Subsequently, in step S61, the berthing parameter calculation unit 16 performs the same process as in step S18. Thereafter, the berthing parameter calculation unit 16 sets the next first reference point R1 by performing the same processing as that shown in the FIG. 10B (step S62). Further, the berthing parameter calculation unit 16 sets the next second reference point R2 by performing the same processing as the processing shown in FIG. 10B using the distance df instead of the distance dq (step S63). Thereafter, the berthing parameter calculation unit 16 performs the same processes as steps S20 and S21 in steps S64 and S65.


According to the processing described above, the reference point setting means sets, as the reference point when the reliability of the nearest neighbor point is higher than the predetermined value, the first reference point used for extraction of the data representing the nearest neighbor points, and the second reference point used for extraction of the data representing the measured points of the fender provided at the berthing place. Further, according to the processing described above, the reference point setting means sets the first reference point to have a large elevation angle when viewed from the quay, and sets the second reference point to have a small elevation angle when viewed from the quay.

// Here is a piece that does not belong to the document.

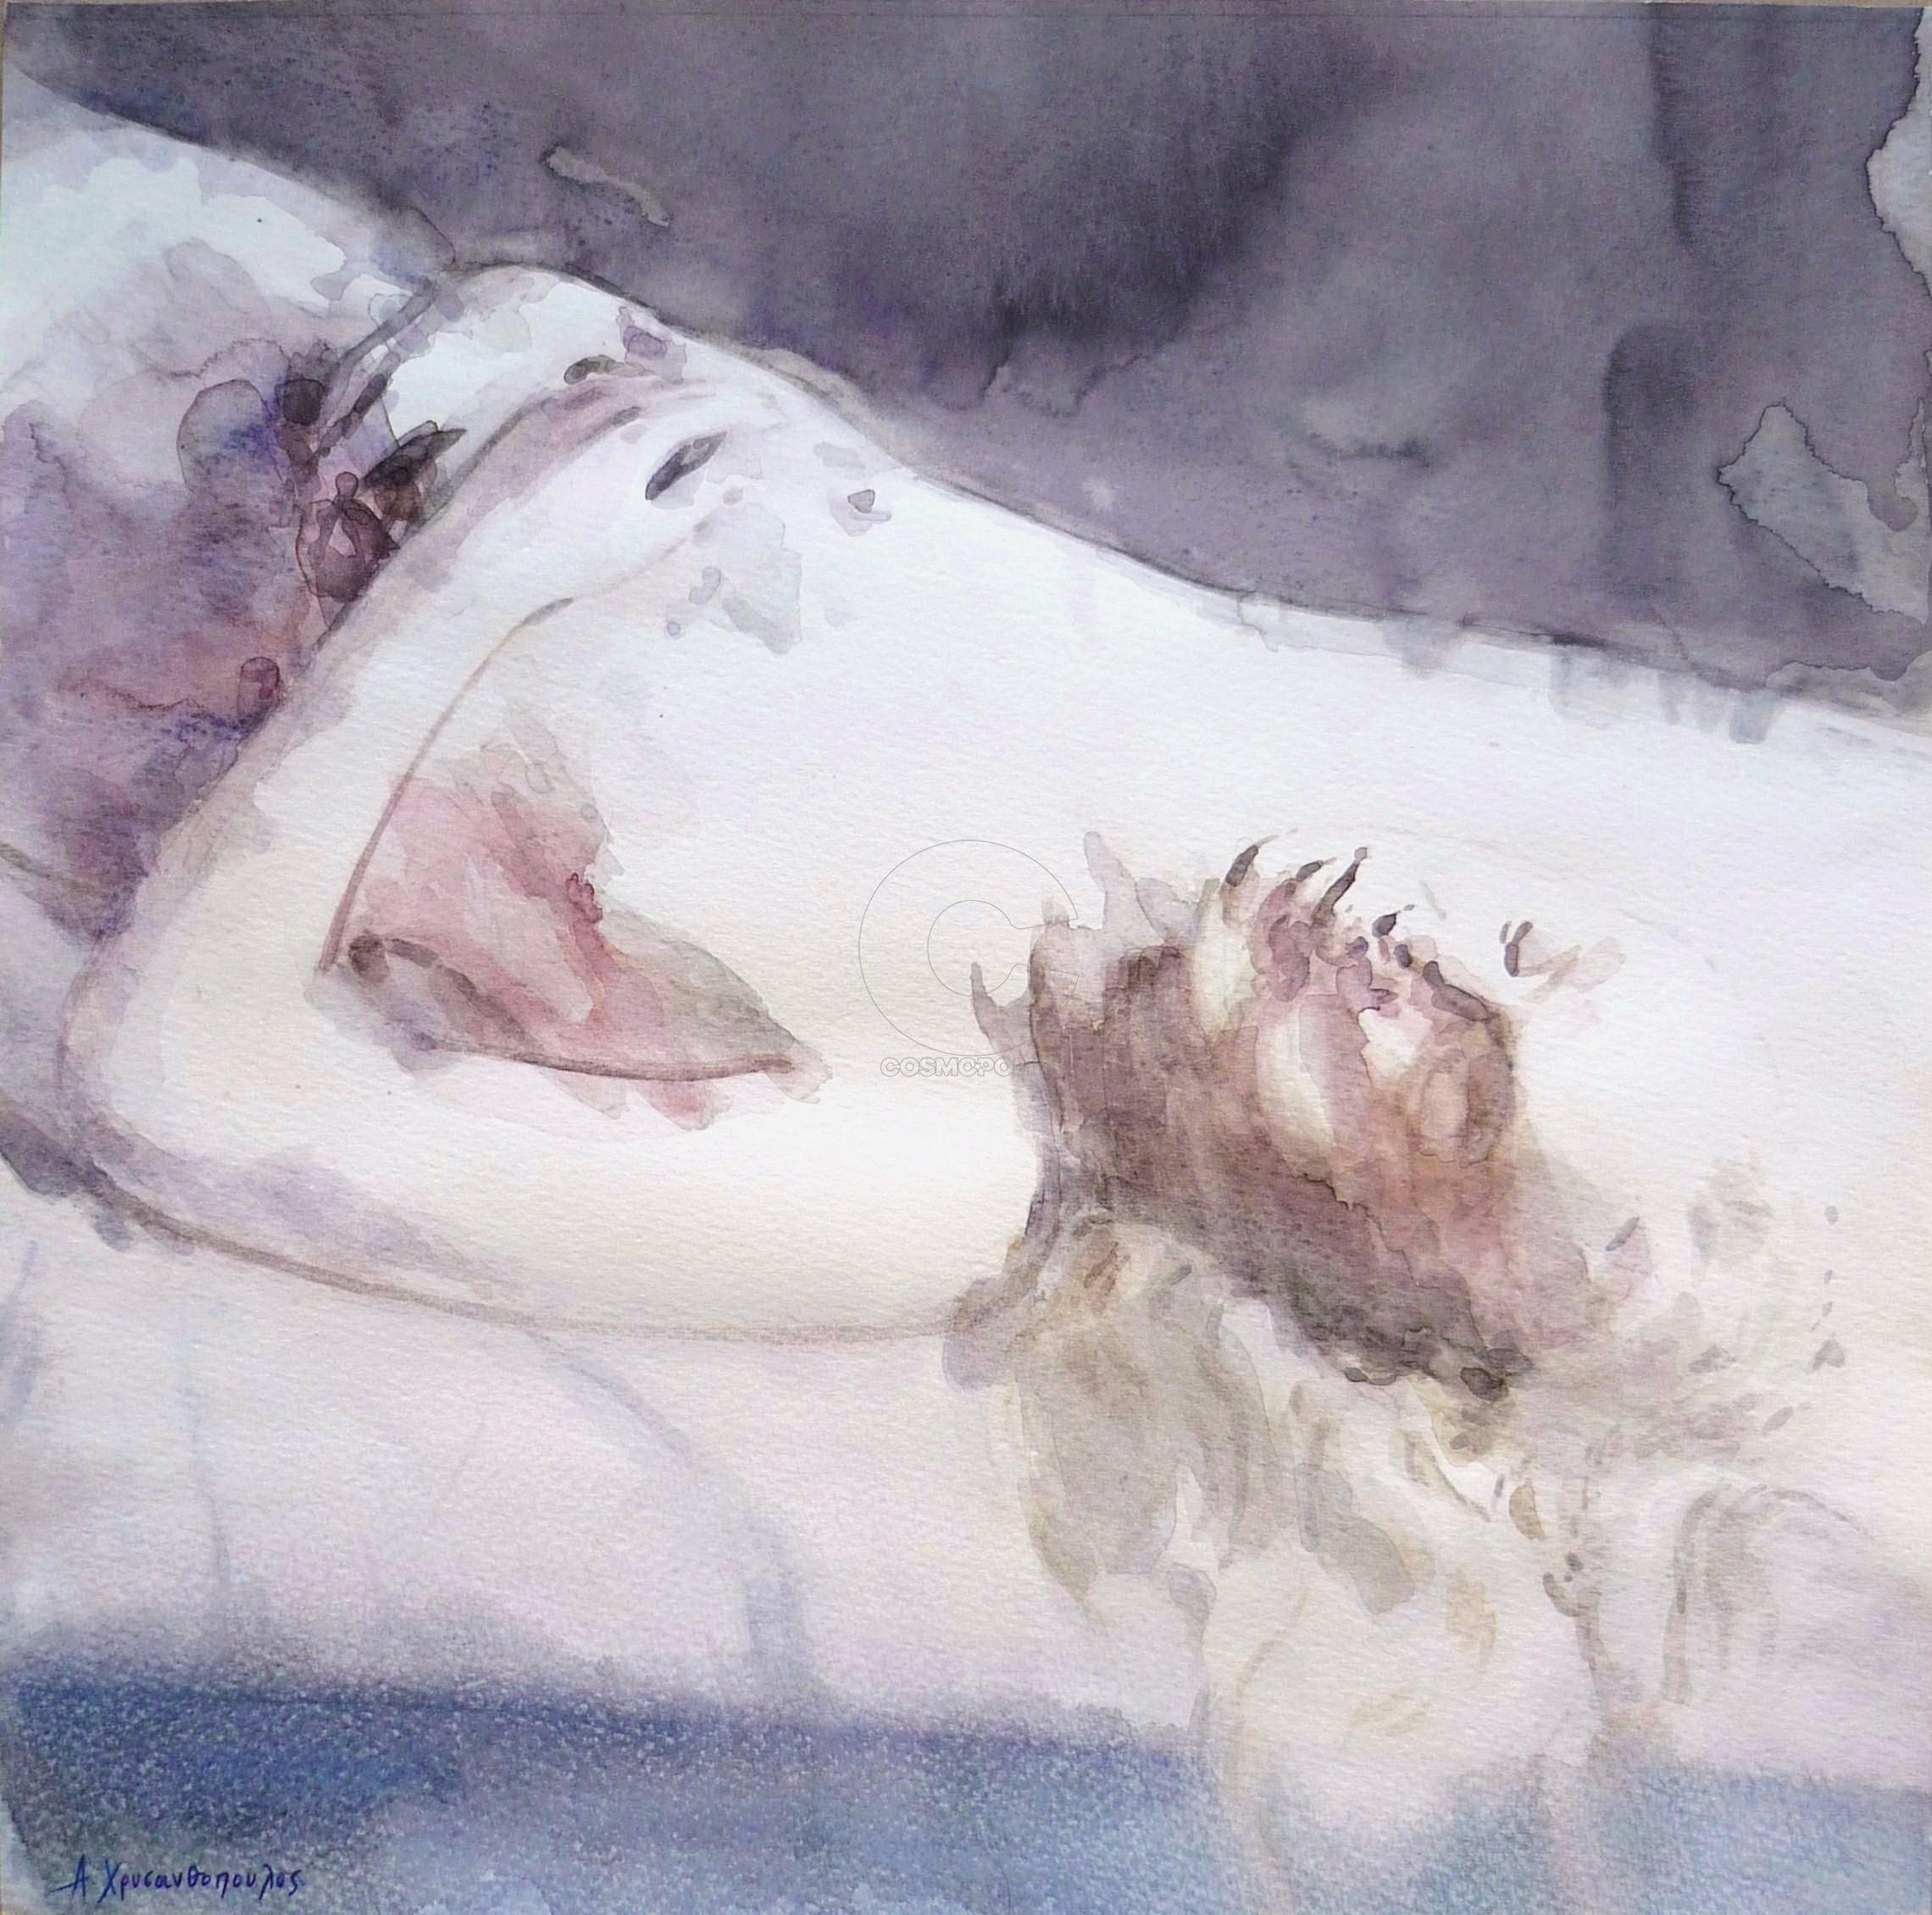 Αριστείδης Χρυσανθόπουλος - Aristidis Chrysanthopoulos, Sleeping beauty, 40x40cm, Ακουαρέλα - Watercolor

As described above, according to the present embodiment, even when the fenders exist at the berthing place, the distance from the ship to the fender can be calculated with high accuracy as the quay distance. That is, according to the present embodiment, it is possible to calculate the parameters used in berthing support with high accuracy.


Modification

Hereinafter, a description will be given of preferred modifications to the second embodiment described above.


(Modification 1)

When it is detected that an inconvenient situation in acquiring the berthing place edge point cloud is taking place, for example, fenders larger than a predetermined size are closely provided at the berthing place, the berthing parameter calculation unit 16 may generate a marker straight line Lm, which is a straight line passing through the front marker and the rear marker, instead of the berthing side straight line. In such a case, the berthing parameter calculation unit 16 may calculate the distance df using the marker straight line Lm. The marker straight line Lm may be generated as a straight line as shown in FIG. 18, for example. FIG. 18 is a top view illustrating the marker straight line Lm.


(Modification 2)

If the lidar 3 has a field of view range of less than 180° in the side direction of the target ship, for example, as shown in FIG. 19A, when a plurality of fenders of differing sizes is provided in the region out of the field of view range of the side direction, they cannot be detected. In addition, even if the lidar 3 had a field of view range of 180° or more in the side direction of the target ship, there are cases where it is impossible to detect the measured point for which distance from the target ship to the fender ship becomes the shortest because the surface of the fender is formed using black rubber, for example. In this modification, a description will be given of a method for making it possible to calculate the shortest distance from the ship to the fender, in consideration of the occurrence of the above-described situation.


The berthing parameter calculation unit 16 calculates the distance df_min corresponding to the shortest distance from the ship to the fender based on the quay distance dr from the origin O to the berthing place and the difference value Δdrf (see FIG. 19B) calculated by subtracting the distance df from the quay distance dr, for example.


Specifically, the berthing parameter calculation unit 16 detects the time change of the difference value Δdrf by continuously calculating the difference value Δdrf after the timing when the berthing support is started, for example. Further, the berthing parameter calculation unit 16 acquires a difference value Δdrf_max corresponding to the maximum value of the difference value Δdrf within the predetermined time (see. FIG. 19C) at a timing at which a predetermined time has elapsed from the start of calculating the difference value Δdrf, for example. Incidentally, the difference value Δdrf_max is updated to the most recent value in accordance with the elapsed time. Then, the berthing parameter calculation unit 16 calculates the distance df_min by subtracting the newest difference value Δdrf_max from the quay distance dr.


Here, the processing flow of this modification will be described. FIG. 19D is a flowchart showing an example of processing for calculating the shortest distance from a ship to a fender.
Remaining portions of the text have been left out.